Cet amendement est identique à celui de M. Lesage et concerne encore la complémentarité entre l’agriculture et la biodiversité. Si vous le permettez, je souhaiterais défendre en même temps que celui-ci, l’amendement no 955.
Je souhaite en effet supprimer le principe de complémentarité entre l’agriculture et l’environnement adopté lors de l’examen du texte en commission, et cela pour plusieurs raisons – mes collègues du groupe écologiste et moi-même avons du reste déposés plusieurs autres amendements en ce sens. Nous touchons là, en effet, aux grands principes du droit de l’environnement – le principe « éviter, réduire, compenser », le principe « pollueur-payeur » et le principe de précaution, invoqué par une profession qui n’a rien à faire dans les premières lignes de notre code de l’environnement.
Comme le précise l’exposé sommaire de mon amendement, de simples considérations logistiques et juridiques devraient suffire pour supprimer ce principe. De fait, ces principes généraux du droit de l’environnement peuvent entraîner des effets juridiques en s’imposant aux personnes publiques et privées et les directions des affaires juridiques sont souvent très promptes à nous alerter sur certains risques juridiques. Or, je doute qu’il y ait eu dans ce cas une analyse juridique. On nous rappelle souvent que nous écrivons le droit : veillons donc à ne pas écrire n’importe quoi.

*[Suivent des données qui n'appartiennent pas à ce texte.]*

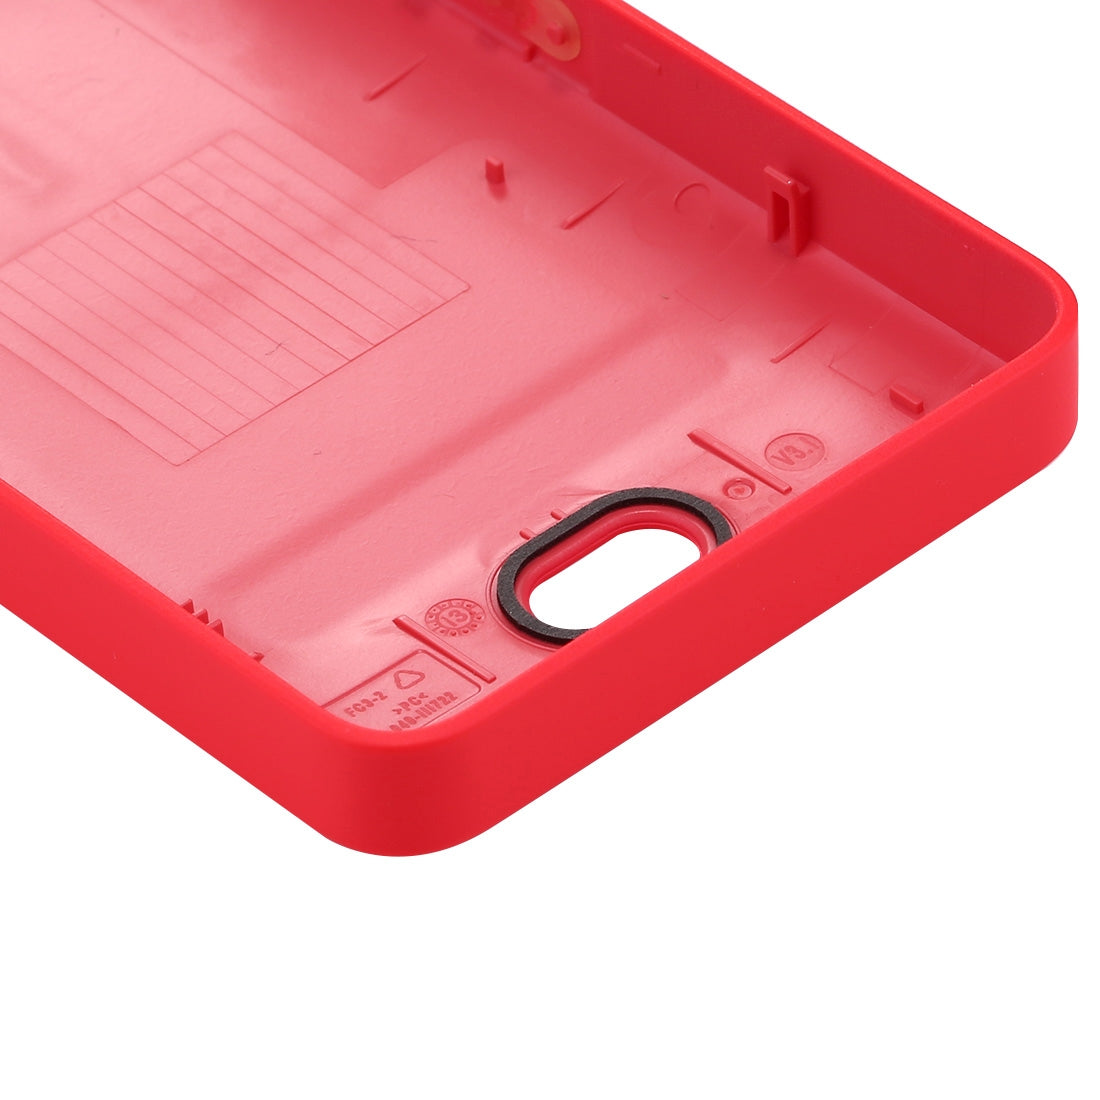 Tapa Bateria Back Cover Nokia Asha 501 Rojo
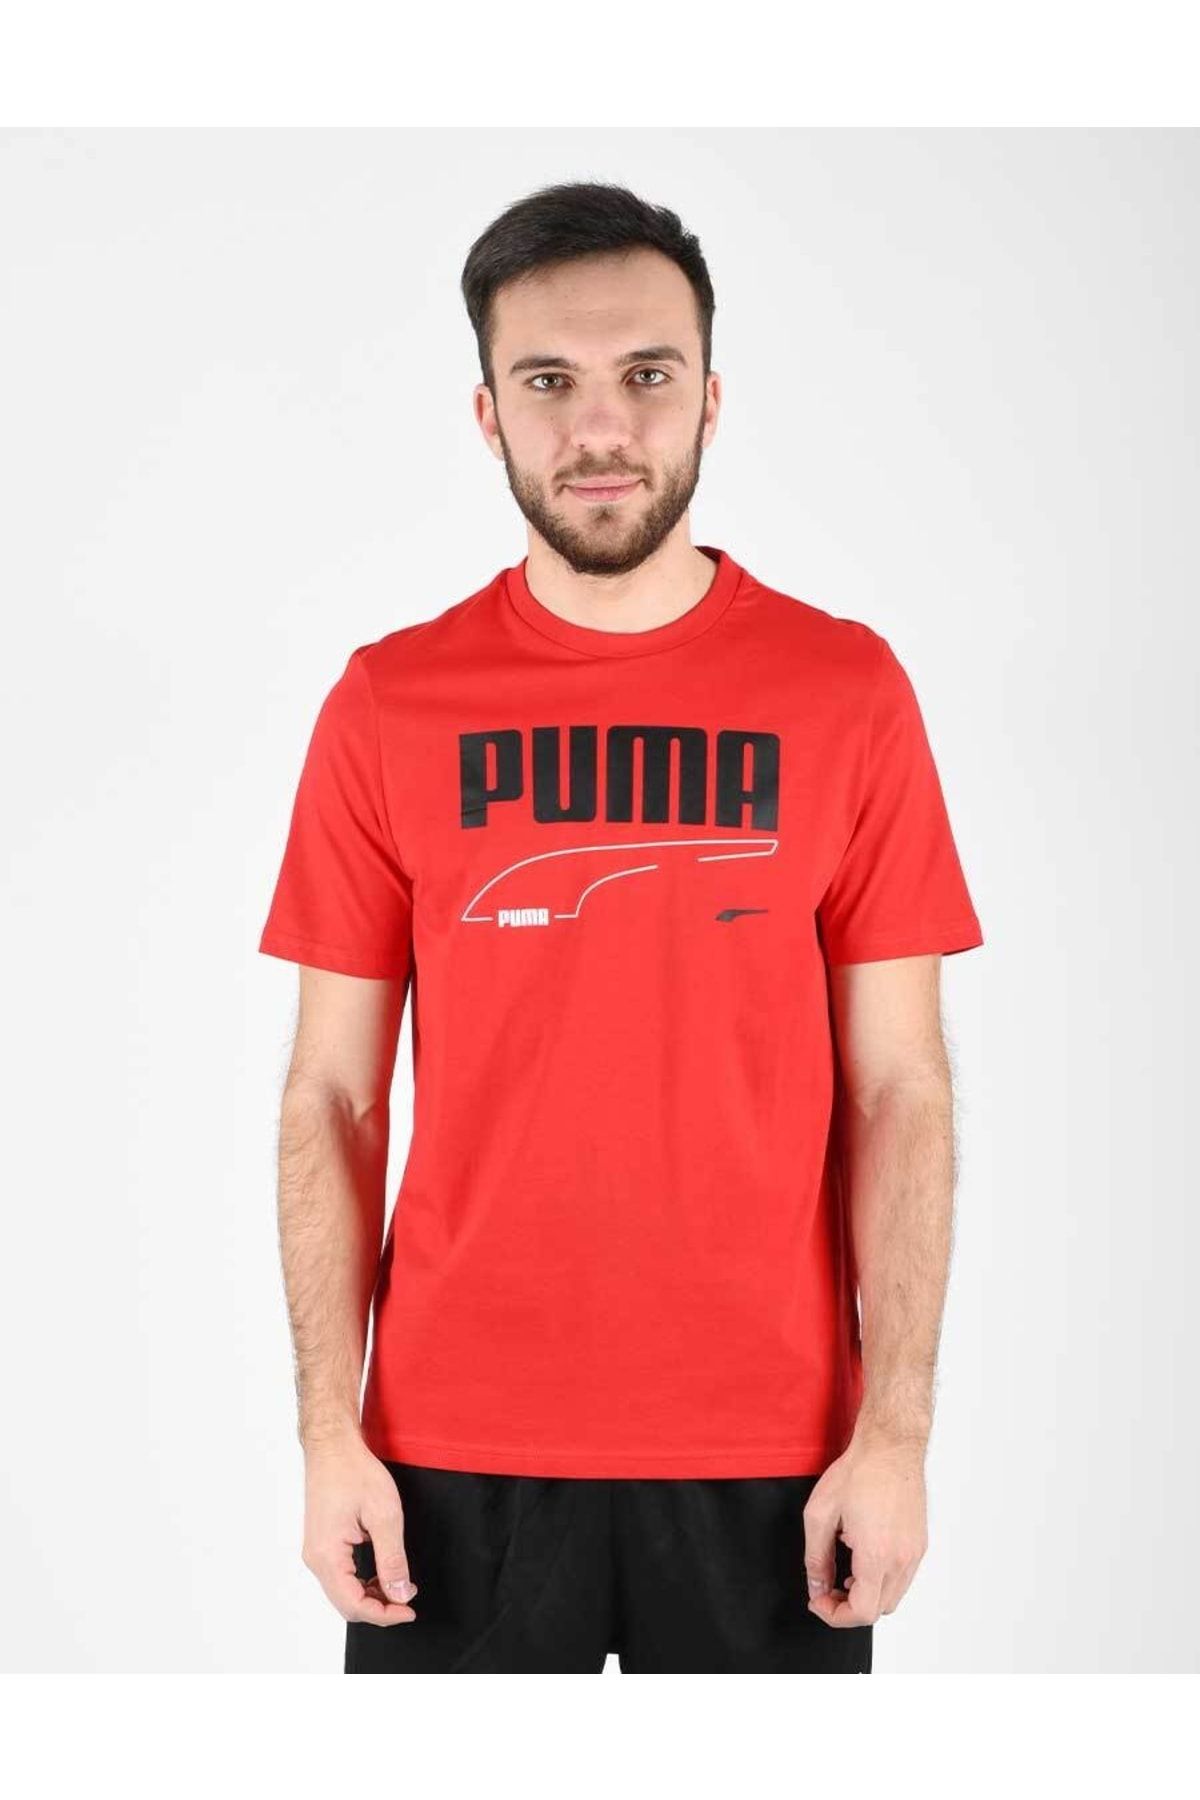 Puma Rebel Tee T-shirt 585738 11

Surtout, bien qu’un certain type d’agriculture – principalement, bien sûr, l’agriculture biologique – puisse avoir un rôle favorable dans la préservation de la biodiversité, reconnaître à l’ensemble de l’agriculture ce même rôle bénéfique était vraiment un non-sens, comme je l’ai déjà dit dans ma déclaration liminaire.
Je ne lancerai pas ici un débat sur l’agriculture, mais la liste des effets néfastes de l’agriculture sur la biodiversité et l’environnement est très longue – je citerai seulement les effets des pesticides sur les pollinisateurs et la pollution des milieux, la destruction des sols du fait de la culture productiviste, gavée d’intrants chimiques, le saccage des côtes bretonnes par les algues vertes à cause des nitrates déversés par l’industrie porcine et l’effondrement de la biodiversité dans les plaines de monoculture. Les exemples sont nombreux et prendre celui de l’apport de certains secteurs agricoles, comme les prairies de montagne, pour défendre l’ensemble de l’agriculture, ce n’est vraiment pas aider à la réorientation de notre modèle agricole et à la protection de la biodiversité.
Il est indispensable de supprimer ce principe ou, au minimum, d’en réduire la portée à l’agriculture biologique, comme le propose l’amendement de repli no 955. Adopter un tel principe ouvrirait en effet une boîte de Pandore : pourquoi ne pas reconnaître un lien de complémentarité entre les forêts et l’environnement – ce qui aurait plus de sens – ou entre les littoraux et l’environnement, ou même entre l’industrie et l’environnement, au motif que certaines espèces de chauves-souris aiment à nicher dans les sites industriels ?
Un tel principe n’a pas sa place ici et il est, je le répète, indispensable de le supprimer.